Background

Peer review is considered a key element of a scientific journal, but many flaws have been identified. It is slow, poor in detecting fraud, highly subjective, prone to bias, expensive, and easily abused [1, 2]. The traditional model is single-blind peer review: the reviewers know the identity of the authors but the authors do not know who the reviewers are. This model is common in biomedical and natural sciences [3, 4].

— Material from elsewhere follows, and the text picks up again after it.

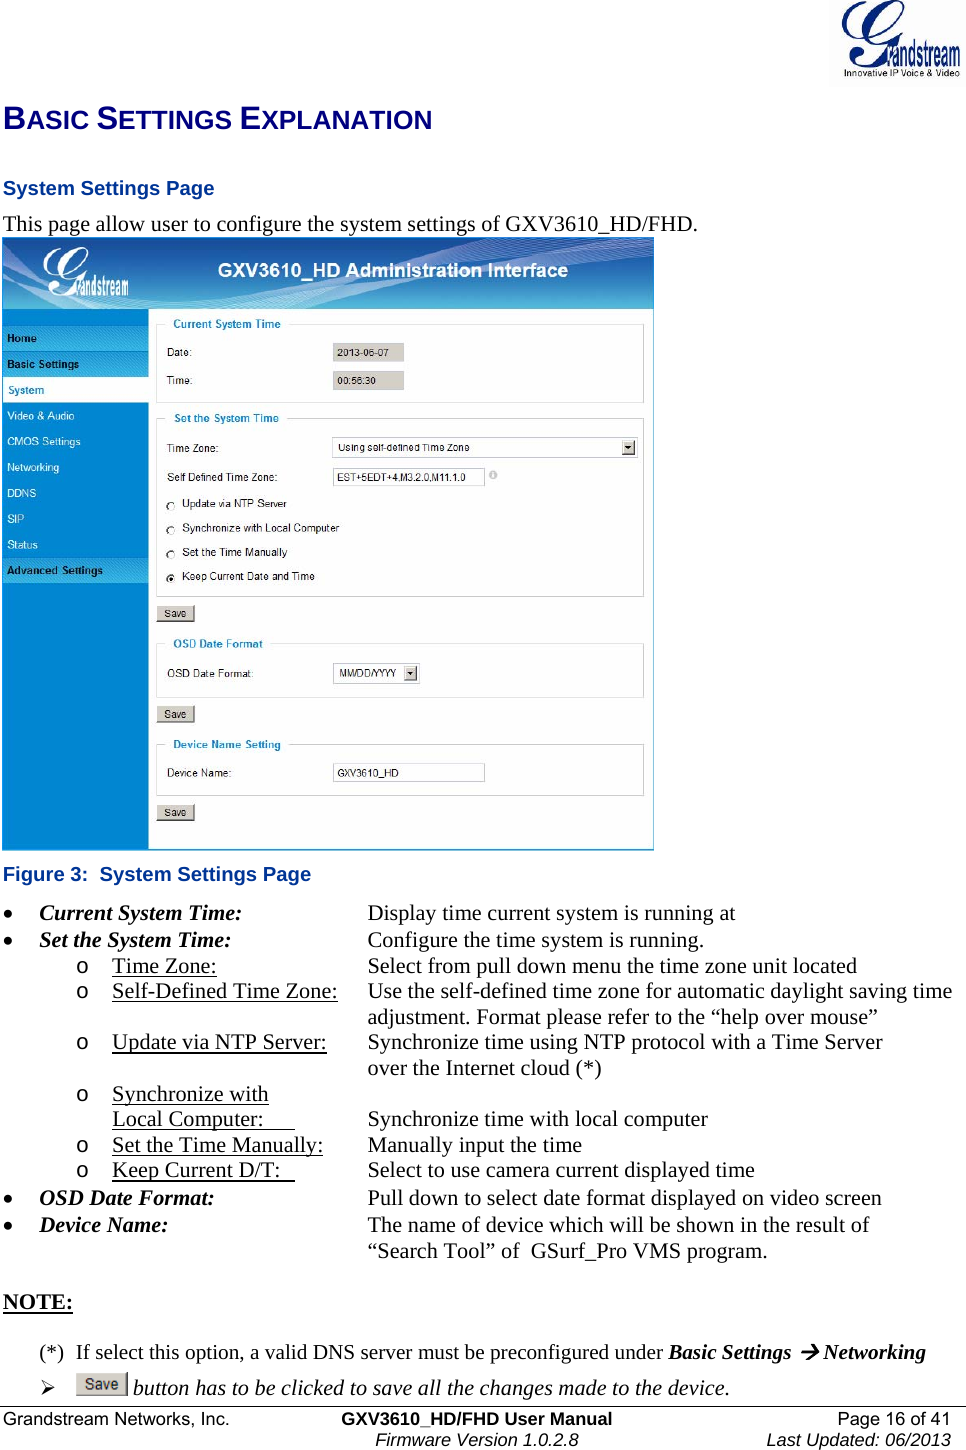  Grandstream Networks, Inc.  GXV3610_HD/FHD User Manual  Page 16 of 41    Firmware Version 1.0.2.8  Last Updated: 06/2013  BASIC SETTINGS EXPLANATION  System Settings Page  This page allow user to configure the system settings of GXV3610_HD/FHD.  Figure 3:  System Settings Page • Current System Time:     Display time current system is running at • Set the System Time:     Configure the time system is running.  o Time Zone:     Select from pull down menu the time zone unit located o Self-Defined Time Zone:   Use the self-defined time zone for automatic daylight saving time adjustment. Format please refer to the “help over mouse”  o Update via NTP Server:   Synchronize time using NTP protocol with a Time Server over the Internet cloud (*) o Synchronize with  Local Computer:    Synchronize time with local computer  o Set the Time Manually: Manually input the time o Keep Current D/T:    Select to use camera current displayed time • OSD Date Format:     Pull down to select date format displayed on video screen • Device Name:       The name of device which will be shown in the result of “Search Tool” of  GSurf_Pro VMS program.  NOTE:   (*)  If select this option, a valid DNS server must be preconfigured under Basic Settings Æ Networking ¾  button has to be clicked to save all the changes made to the device.

In addition to the weaknesses described above, there is a serious power imbalance in single-blind peer review. There is plenty of evidence that author characteristics, such as prestige, affiliation, nationality, language, and gender may affect the reviewers’ opinions and assessments of the manuscripts [3, 5]. The study by Huber et al. clearly shows the bias associated with the author characteristics. They invited more than 3,300 potential reviewers to review the same manuscript, either showing a very prominent corresponding author, or a relatively unknown researcher as corresponding author, or anonymized. When the prominent researcher was shown as the corresponding author, 23% of the reviewers recommended rejection, while for anonymized manuscript 48% did so, and when the less known author was shown, rejection was recommended by 65% of the reviewers [6].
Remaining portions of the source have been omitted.